Их сотоварищи по котловану подтянулись поближе и стояли, молча разглядывая меня.
– А вы-то как здесь, Федор Кондратьевич? – спросил я Поймалова.
– За служебные упущения, – ответил он вежливо. И морщины его лица шевельнулись в доброжелательной улыбке.
– А вы знаете? Вы! – каменея лицом, уперся своим взглядом мне в переносицу Филимонов. – Что Федор Кондратьевич уже более двадцати лет начальник планово-экономической службы! уважаемый человек! награжден орденом!.. Да это что же такое? – оглянулся и развел мясистыми лапами Филимонов. —Да это просто какой-то разбой!

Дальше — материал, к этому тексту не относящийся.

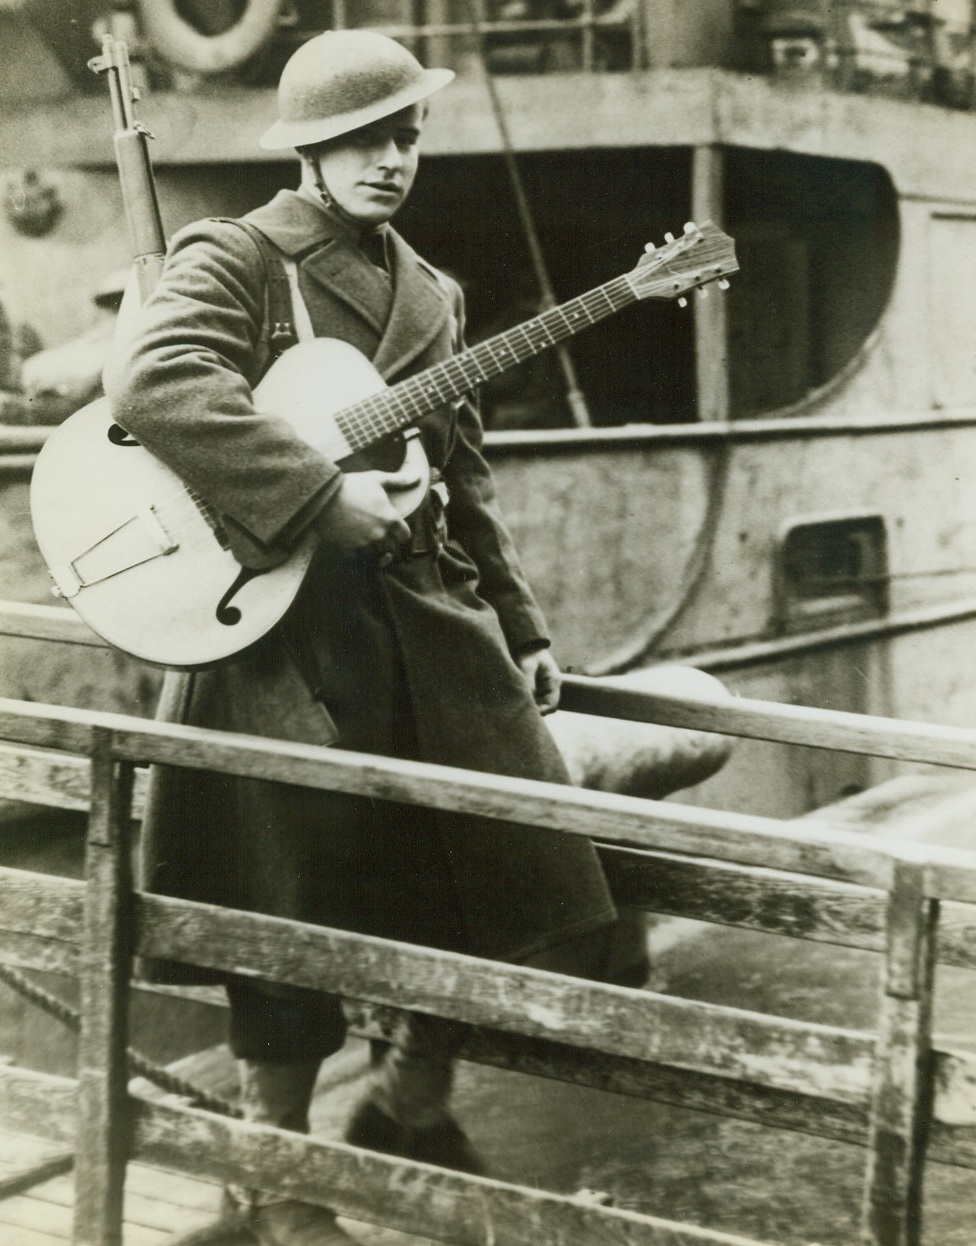 Takes His Music to Ireland, 2/8/1942. Northern Ireland - Pvt. Roy A. Brown, of Waterloo, Iowa, took his guitar along when he went to Northern Ireland with the first contingent of U.S. soldiers to set foot in the British Isles during World War II, and he carries it tenderly as he leaves the transport which brought him and his mates across the sub-infested Atlantic. Passed by Censors. Credit: ACME;

– На позор выставил! – оскорбленно усмехнулась Клава и поджала крашеные губы.
– В бараний рог гнет! – поднял толстый палец Филимонов. – Его директором завода назначили, а он решил, что он тут удельный князь. И нас гнет, чтобы мы это поняли!
– Верно! Жарь ему правду, Филимонов! – радостно встрепенулся появившийся на бровке Слава Грошев. Вид у него был удовлетворенный. Слава жаждал дальнейших удовольствий. – Мы как люди отверженные тоже хотим оправдаться. Так, Филимонов? – заблажил он, спускаясь в котлован. – Это же ужас, Леша! – возопил он, показывая на себя и на Филимонова, склоняясь ко мне и вздымая худые руки. – Ответственные работники!.. На рысаках когда-то ездили!.. Колбасу трудящимся из своих рук выдавали!.. И – носом в грязь! Как же так, Филимонов? – как-то уж слишком жутко входя в роль, с искаженным лицом, почти со слезами, воззвал он к бывшему начальнику ОРСа. – Почему мы терпим? Что мы такого сделали?.. Ну, домик себе в полтора этажа отгрохали! Ну, личную «Волгу» в сарайчике держим! Так ведь на сто шестьдесят рублей оклада еще и не такое можно приобрести! Верно, Филимонов?

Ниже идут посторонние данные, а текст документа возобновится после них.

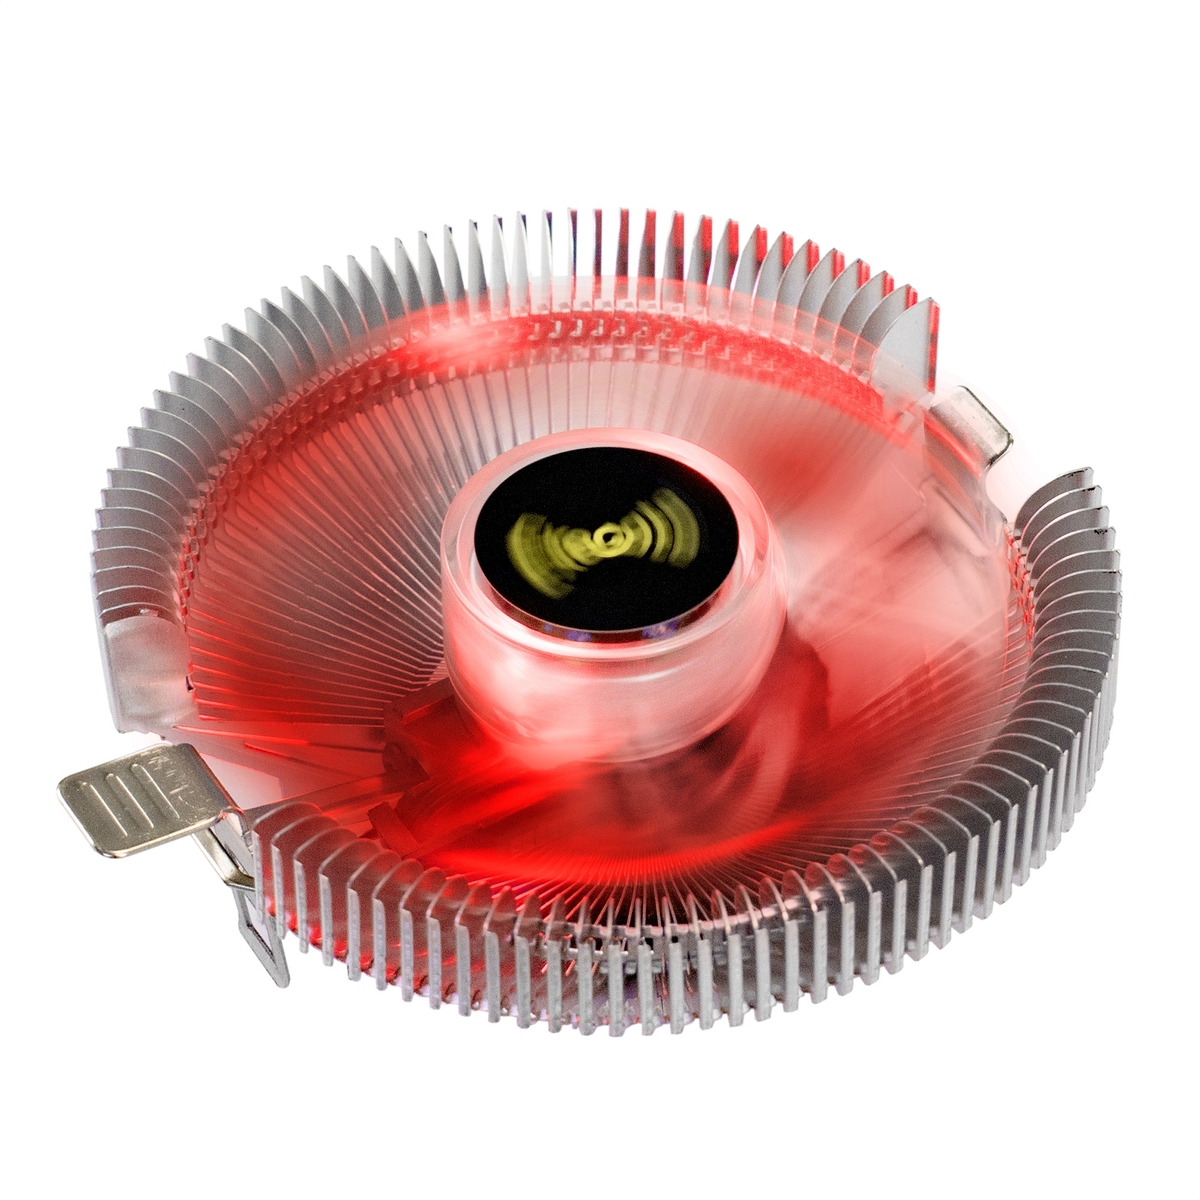 Cooler ExeGate Wizard EE91-RED

– Я, в отличие от вас, свой оклад не пропивал! – побагровел и двинулся на Славу Филимонов. – И, в отличие от вас, родные дети меня из дому не выгнали! И на вашем месте бы, Вячеслав Иванович...

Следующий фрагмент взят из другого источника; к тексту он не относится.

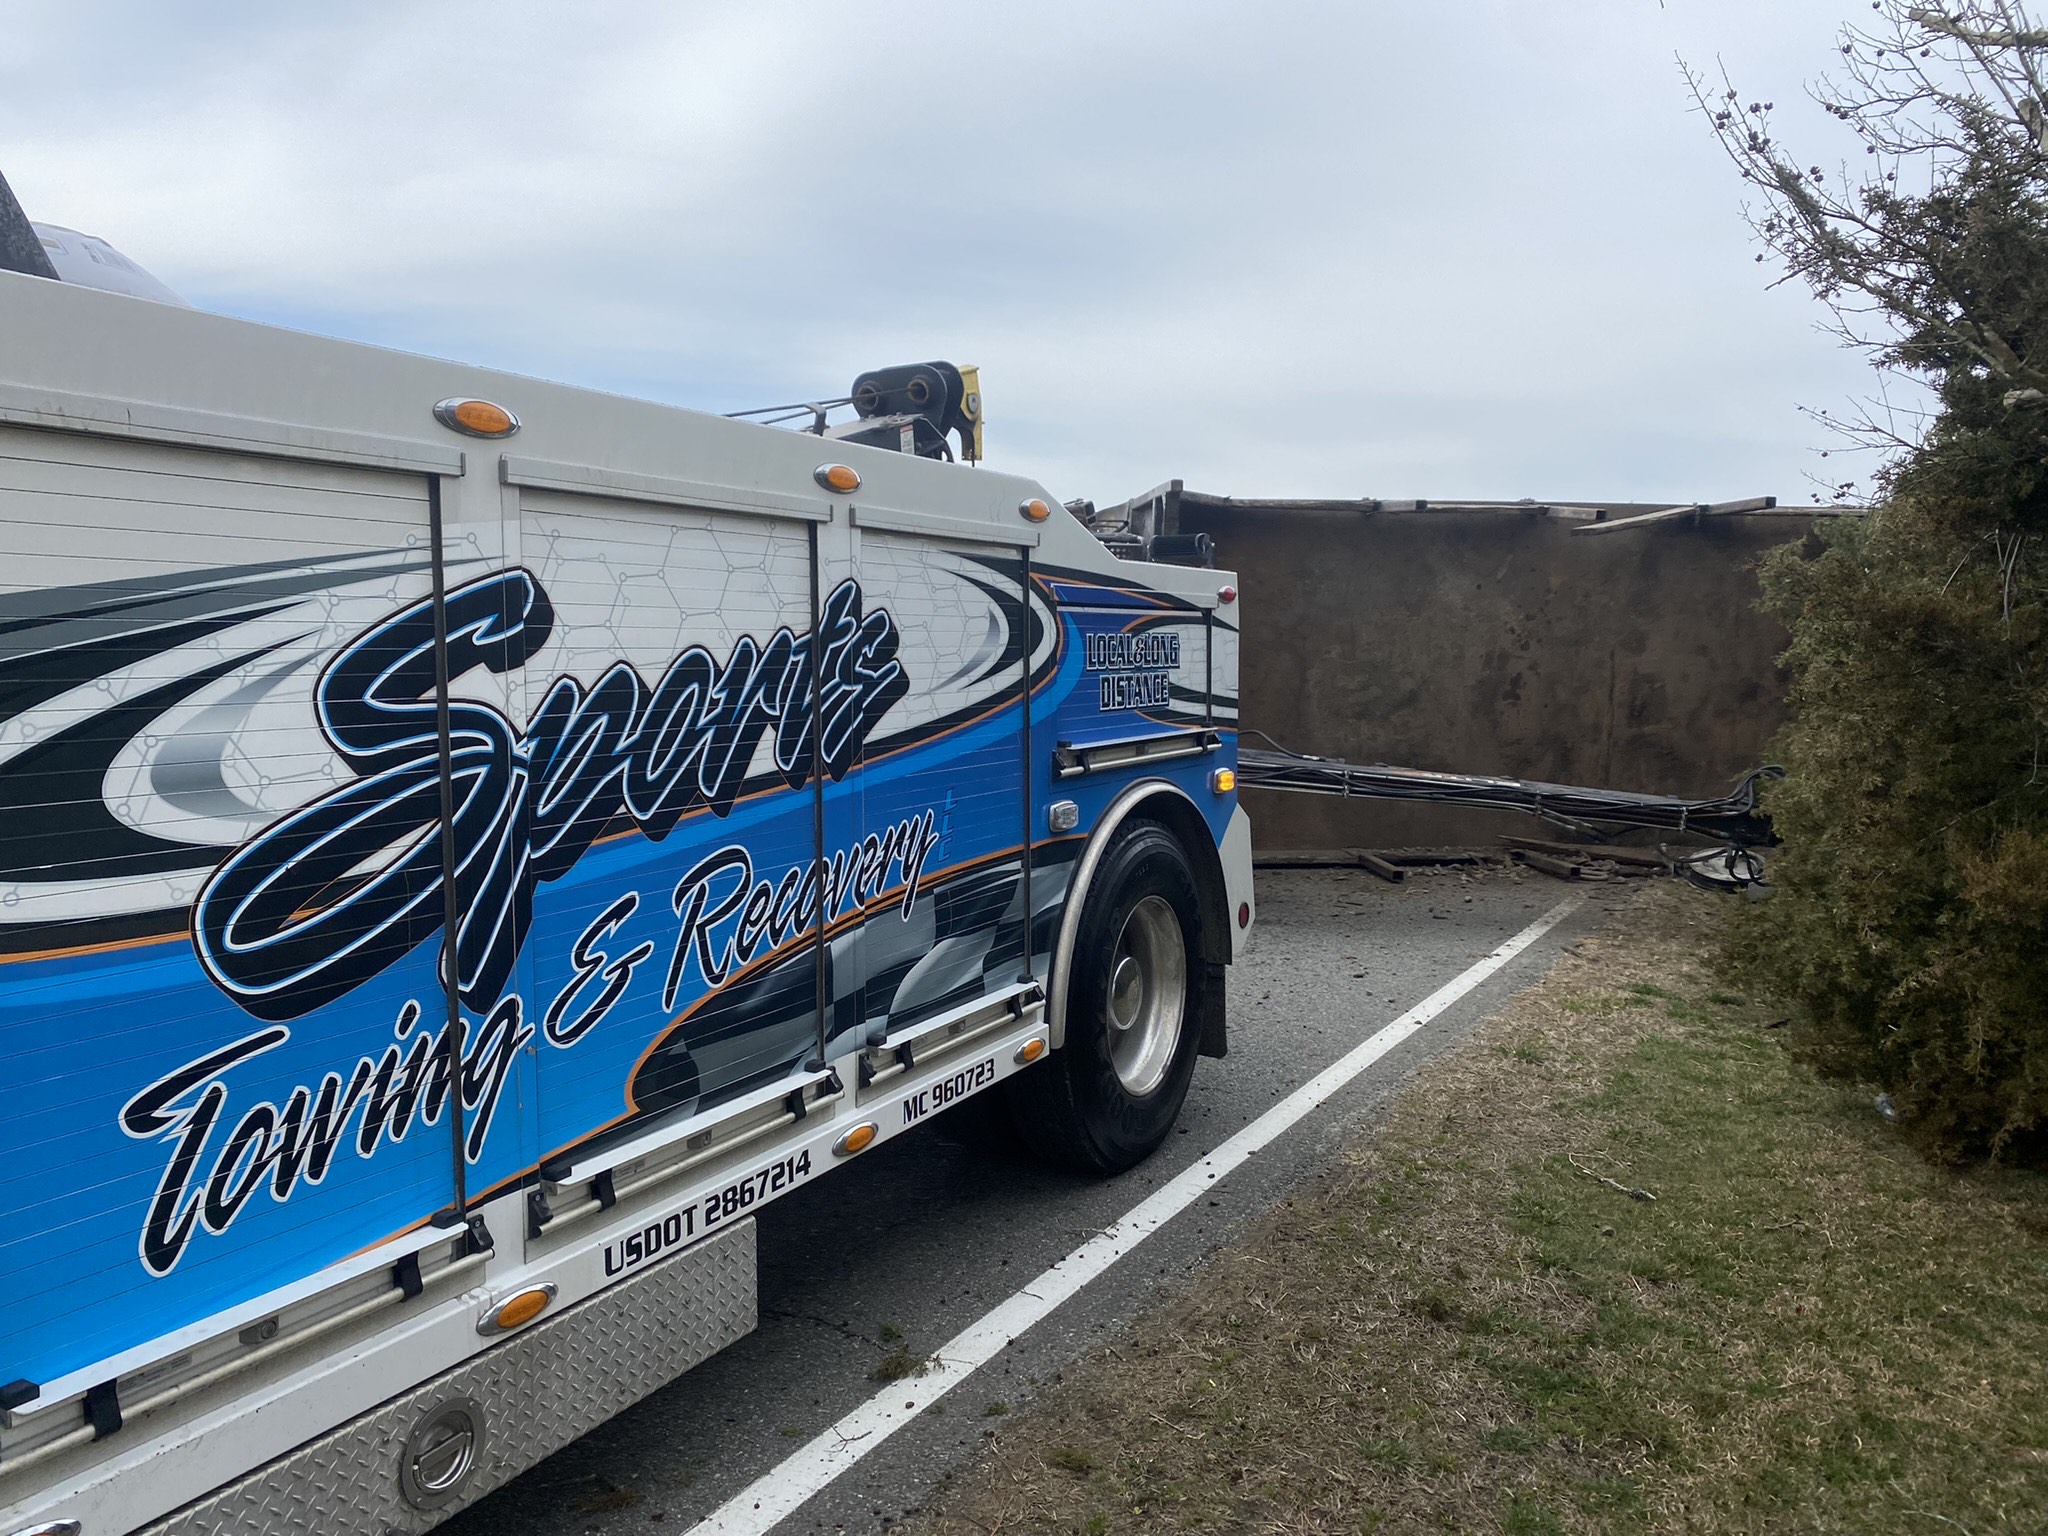 Sports Towing and Recovery hauling service

– Вот видишь, он меня на «вы», уважает, – скороговоркой поделился со мной Грошев. – Потому что я теперь его наставник. Ввожу, можно сказать, за руку в жизнь. – Он оборотился к Филимонову, и лицо его побледнело и напряглось. – А почему ты не пьешь? – спросил он тихо, и даже губы его побелели. – Значит, в тебе совести нет! – Впившись глазами в Филимонова, он обморочно помедлил. – Твою жизнь, сказать можно, признали неудовлетворительной. А ты базлаешь тут толстым голосом. Выходит, ты ничего не понял. Ты конченый человек, Филимонов! Сказать откровенно, я все же надеялся, что ты ужаснешься и возопишь! Но сейчас вижу, что мои надежды были напрасны. Мое влияние на тебя ничтожно. И, несмотря на все мои усилия, вернуть тебя человечеству я не могу! – Лицо Грошева было искажено настоящим страданием и по впалым щекам его текли настоящие слезы.
Холеный молодой крановщик, который наблюдал за происходящим, выставившись в раскрытую дверь будочки своего автокрана, от смеха выронил изо рта сигарету и засучил ногами в добротных кирзовых сапогах. Филимонов плюнул, резко повернулся и, расталкивая народ, пошел прочь. Все находящиеся в котловане смотрели на Славу изучающе серьезно. Федор Кондратьевич Поймалов, сидя на блоке, чуть усмехаясь, ковырял палочкой песок. Филимонов, вдруг вспомнив обо мне, вернулся.
– Вы хоть что-нибудь поняли? – Странно было видеть дрожащие губы на его твердом, тугом, как кулак, лице.
– Я понял, что все, кроме вас, молчат.
– А почему все молчат? – спросил он грубо.
– Ты чего, браток, заскучал? – задрав голову, завопил крановщику Грошев. – Друзья мои, вы меня огорчаете! – вздув жилы на тощей шее, погнал он по рабочим местам своих подчиненных.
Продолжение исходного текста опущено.